Preparation of a negative electrode sheet:

homogenizing 94wt% of anode active material hard carbon, 2wt% of SP (conductive agent), 2.8wt% of SBR (styrene butadiene rubber-binder) and 1.2wt% of CMC (binder) in the presence of deionized water as a solvent, coating the slurry on a 6 mu m copper foil, baking at 85 ℃, rolling, die-cutting and compacting to 0.92g/m ³ And (3) baking the pole piece for 12 hours at 100 ℃ after die cutting and brushing.

When the negative electrode sheet and the positive electrode sheet are prepared, the content of the negative electrode active material is 1.08, namely the coating surface density is the reversible gram capacity of the negative electrode/(the content of the mixed active material is the reversible gram capacity of the positive electrode).

(3) Regarding the electrolyte, an organic solvent, an inorganic salt, and an additive are included; wherein the inorganic salt adopts 1mol/L LiPF ₆ The molar ratio of the organic solvent, the inorganic salt and the additive is 4.5:4.5:1.

(4) Regarding the separator, polypropylene+Al is used for separating the positive electrode plate from the negative electrode plate ₂ O ₃ And (3) coating.

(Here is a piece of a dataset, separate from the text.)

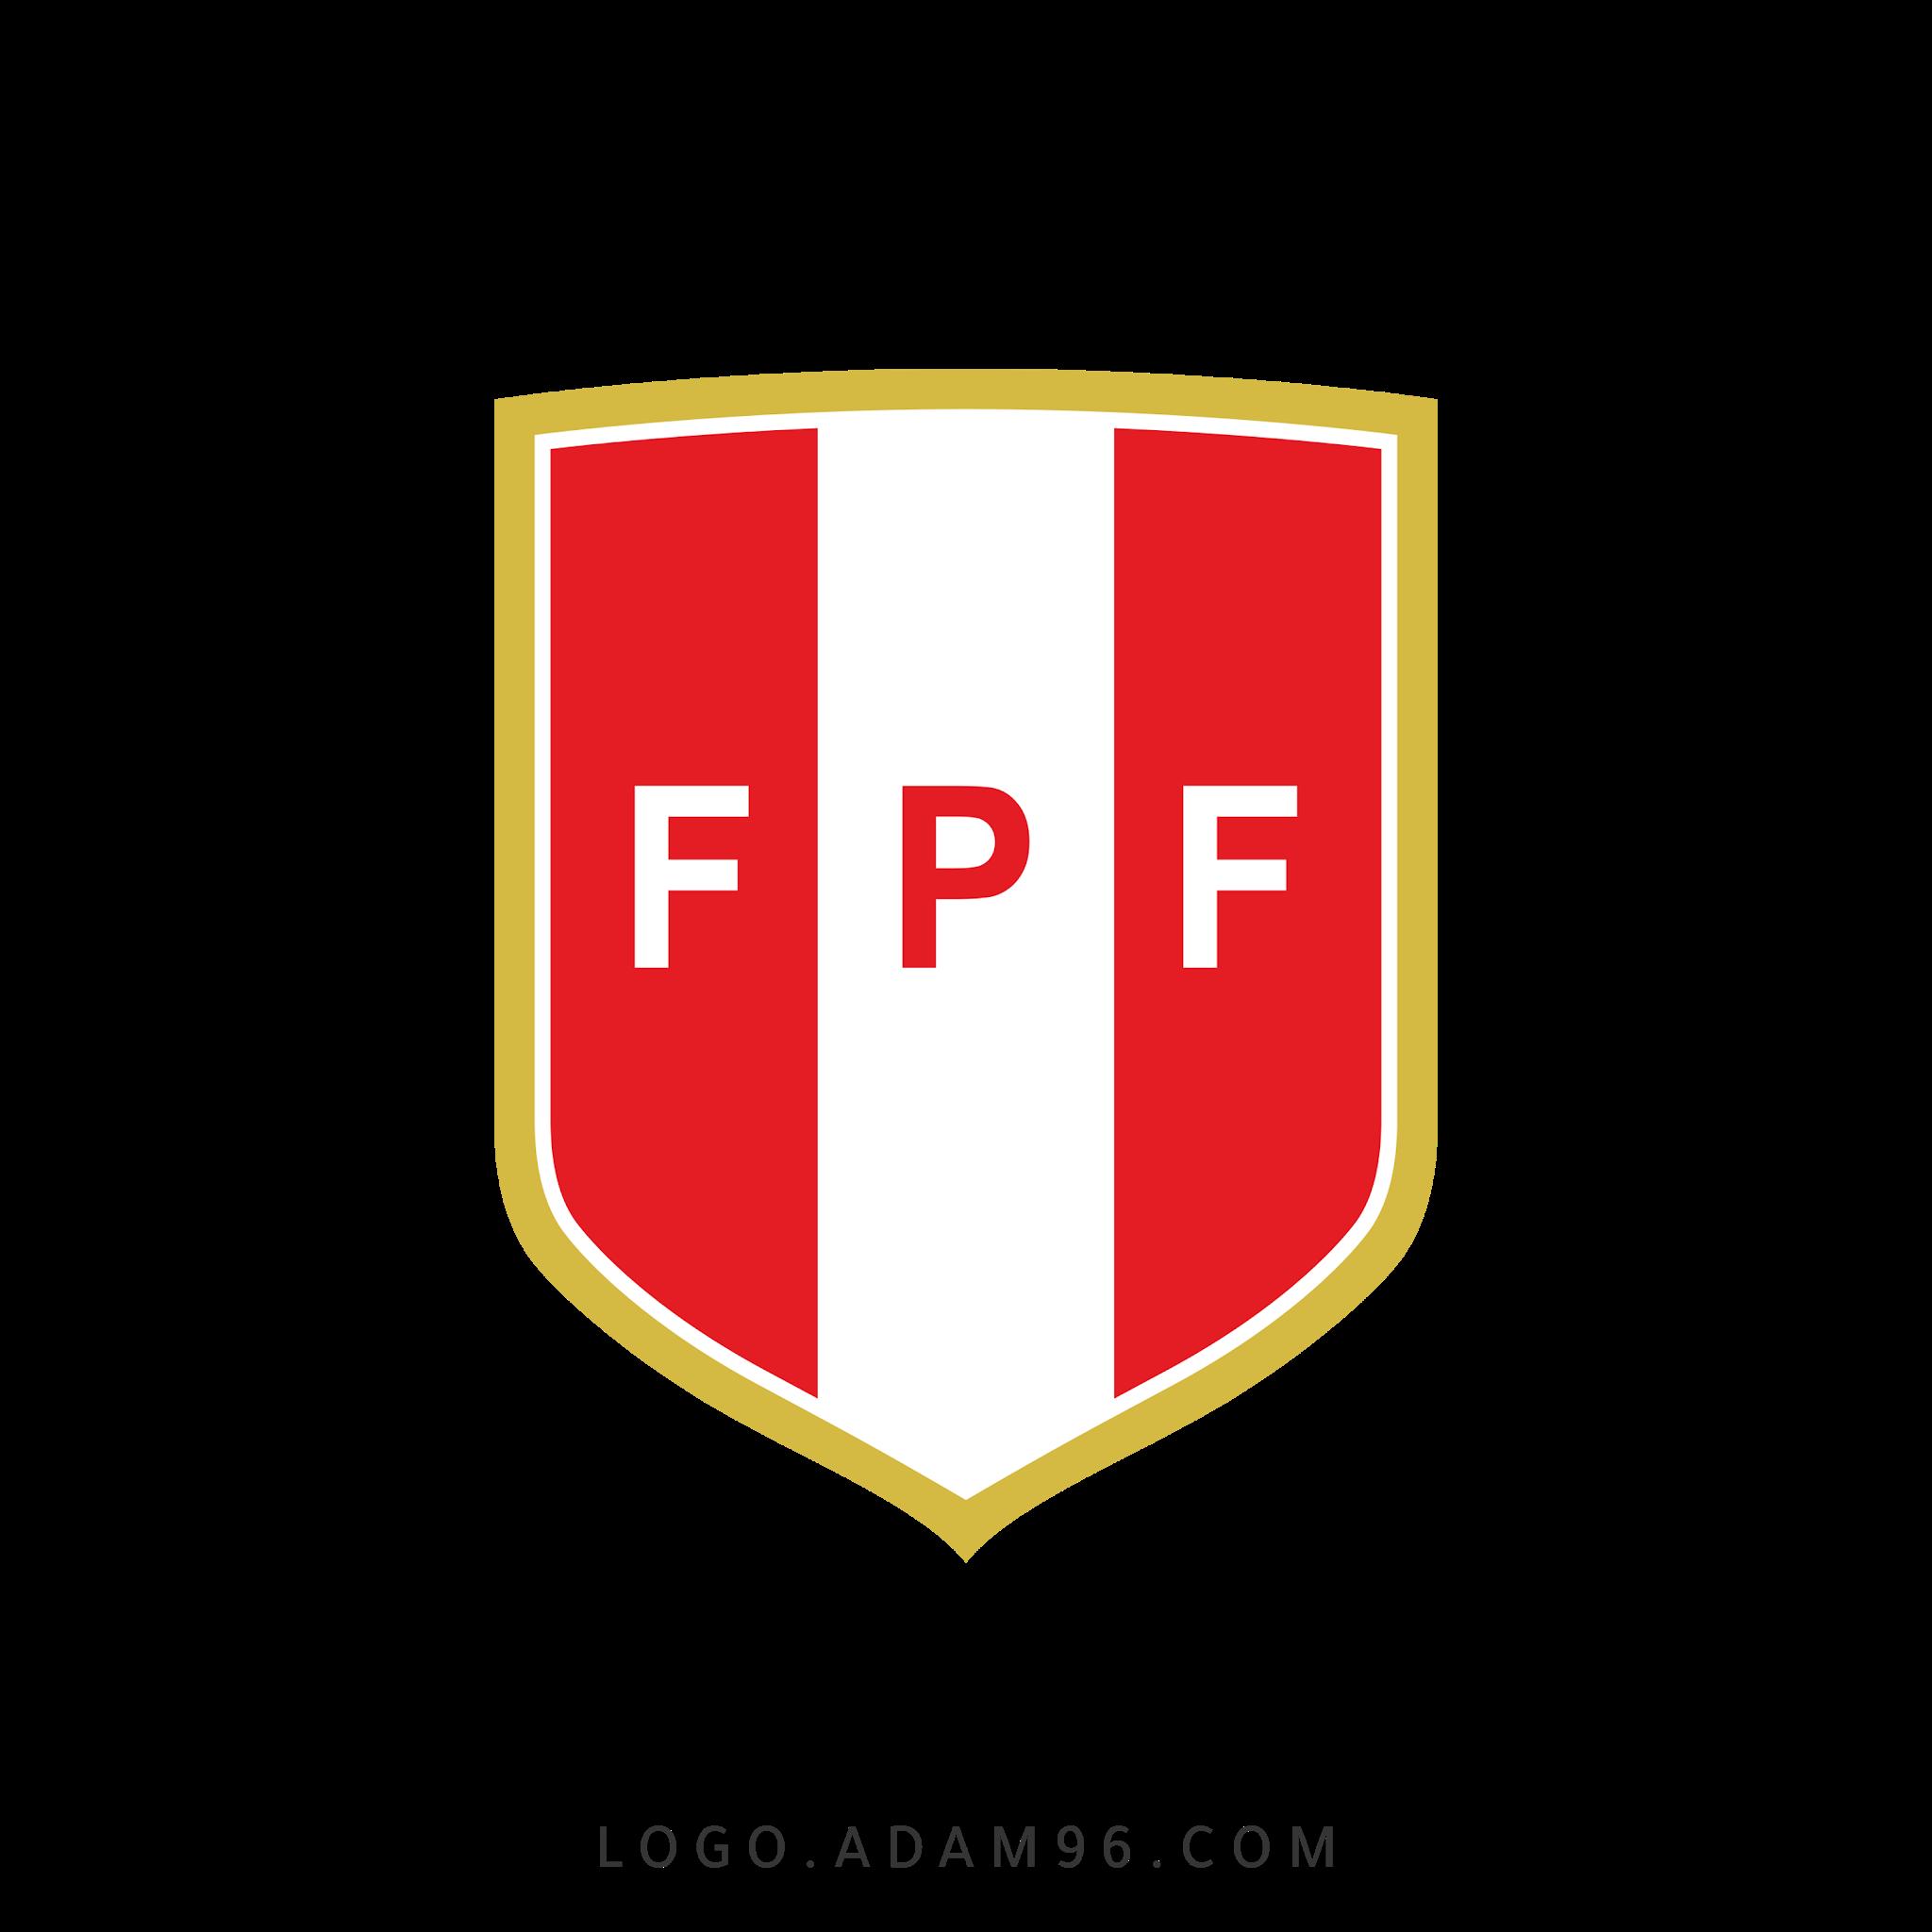 تحميل شعار منتخب بيرو لكرة القدم لوجو رسمي شفاف بصيغة PNG

Preparation of lithium-sodium mixed ion battery:

and sequentially stacking the negative electrode plate, the diaphragm and the positive electrode plate by using a lamination machine to prepare a bare cell, wherein the diaphragm is positioned between the positive electrode plate and the negative electrode plate to play a role in isolation, the ceramic faces the negative electrode plate, and then the preparation of the lithium-sodium mixed ion battery is finished through the procedures of welding, top side sealing, liquid injection, formation, secondary sealing and capacity division, the production environment is required to be controlled in the lamination process, and the dew point requirement of a workshop is less than-45 ℃.

b. Example 2

Preparation of positive electrode sheet: 96.5wt% of high nickel positive electrode active material, 1.7wt% of PVDF, 0.7wt% of SP, 1.1wt% of MWCNT and NMP as a solvent are adopted; wherein, liNi is adopted _0.8 Co _0.1 Mn _0.1 O ₂ As a high nickel positive electrode active material; uniformly stirring the raw materials, coating the raw materials on the surface of a 13 mu m carbon-coated aluminum foil of a positive current collector, baking at 85 ℃, rolling, die cutting, and compacting to 2.4g/m ³ And (3) baking the pole piece for 12 hours at 100 ℃ after die cutting and brushing.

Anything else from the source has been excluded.